Thirdly, an essential matter for health technology sector contracts is to take into account the provisions of the Personal Data Act (PDA). The PDA defines personal data as “any information on a private individual and any information on his/her personal characteristics or personal circumstances, where these are identifiable as concerning him/her or the members of his/her family or household.” All such information is subject to the PDA, and it is essential to ensure that such personal data is not inadvertently collected from consumers in connection with health technology products or services contrary to the provisions of the PDA. However, if personal data is collected then this fact should be made clear in the consumer contract. Furthermore, consumers must receive an explanation of why their personal data is being collected and provide explicit consent. On the other hand, if the seller’s corporate customer collects personal data through the seller’s product or service, it should be made clear in the contract who is the data controller and therefore liable for fulfilling the obligations of the PDA.

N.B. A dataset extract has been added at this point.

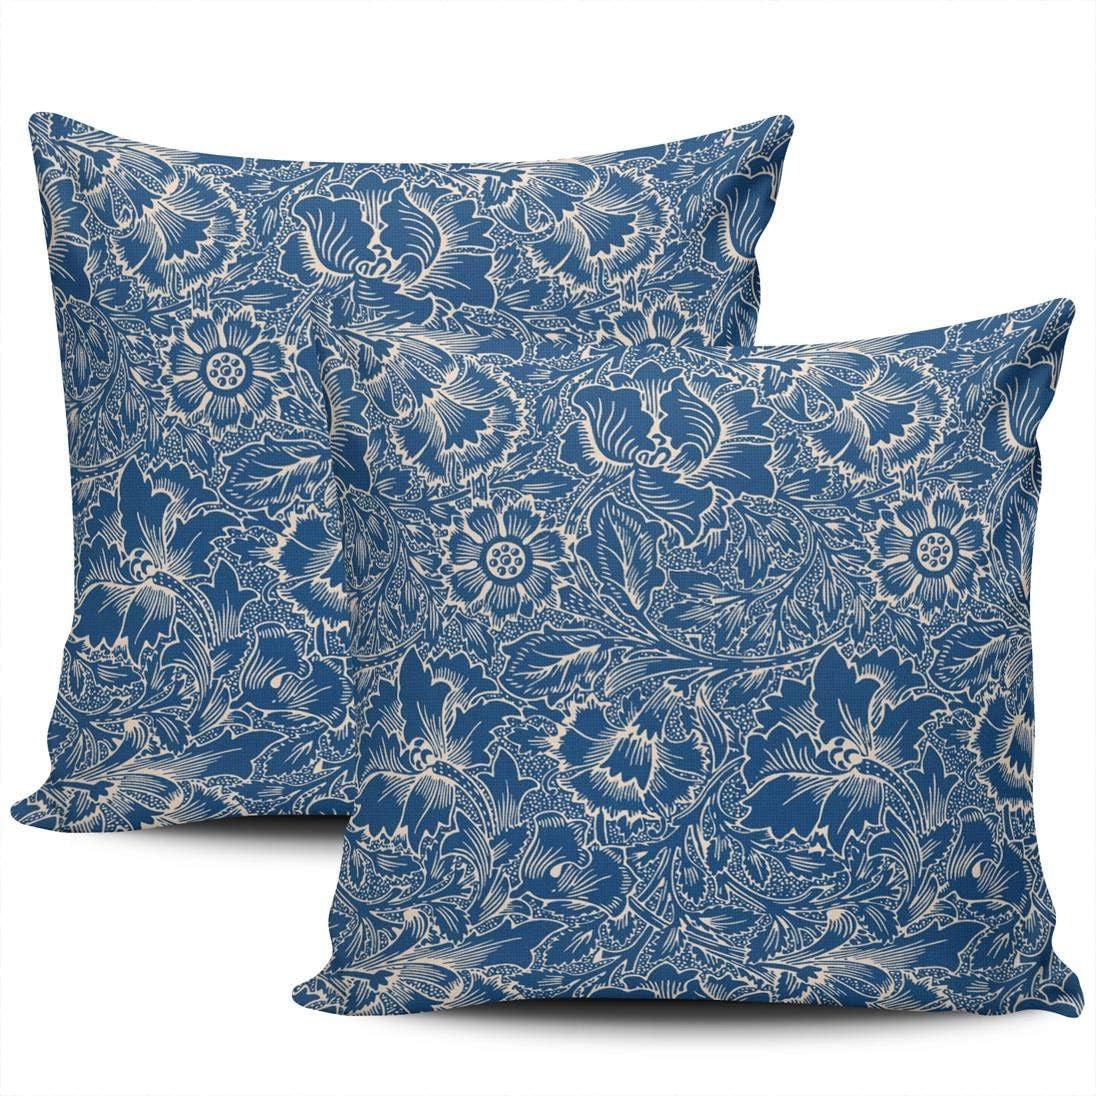 KELEMO Decorative Throw Pillow Case Cushion Cover Sofa Bedroom Monaco Blue Damask Pillowcase Double Printed Square 22 x 22 Inch Set of 2

Further to the above points, other generally important issues should of course be taken into consideration in health technology contracts. Perhaps the most important of these is defining the scope of the contract in sufficient detail, so that both the seller and buyer know what is provided under the contract, as well as how and when it is provided. Due to the nature of technology based products and services, it is useful to draw up written sales contracts, duly implement them, and where possible, use the help of a lawyer in drafting these.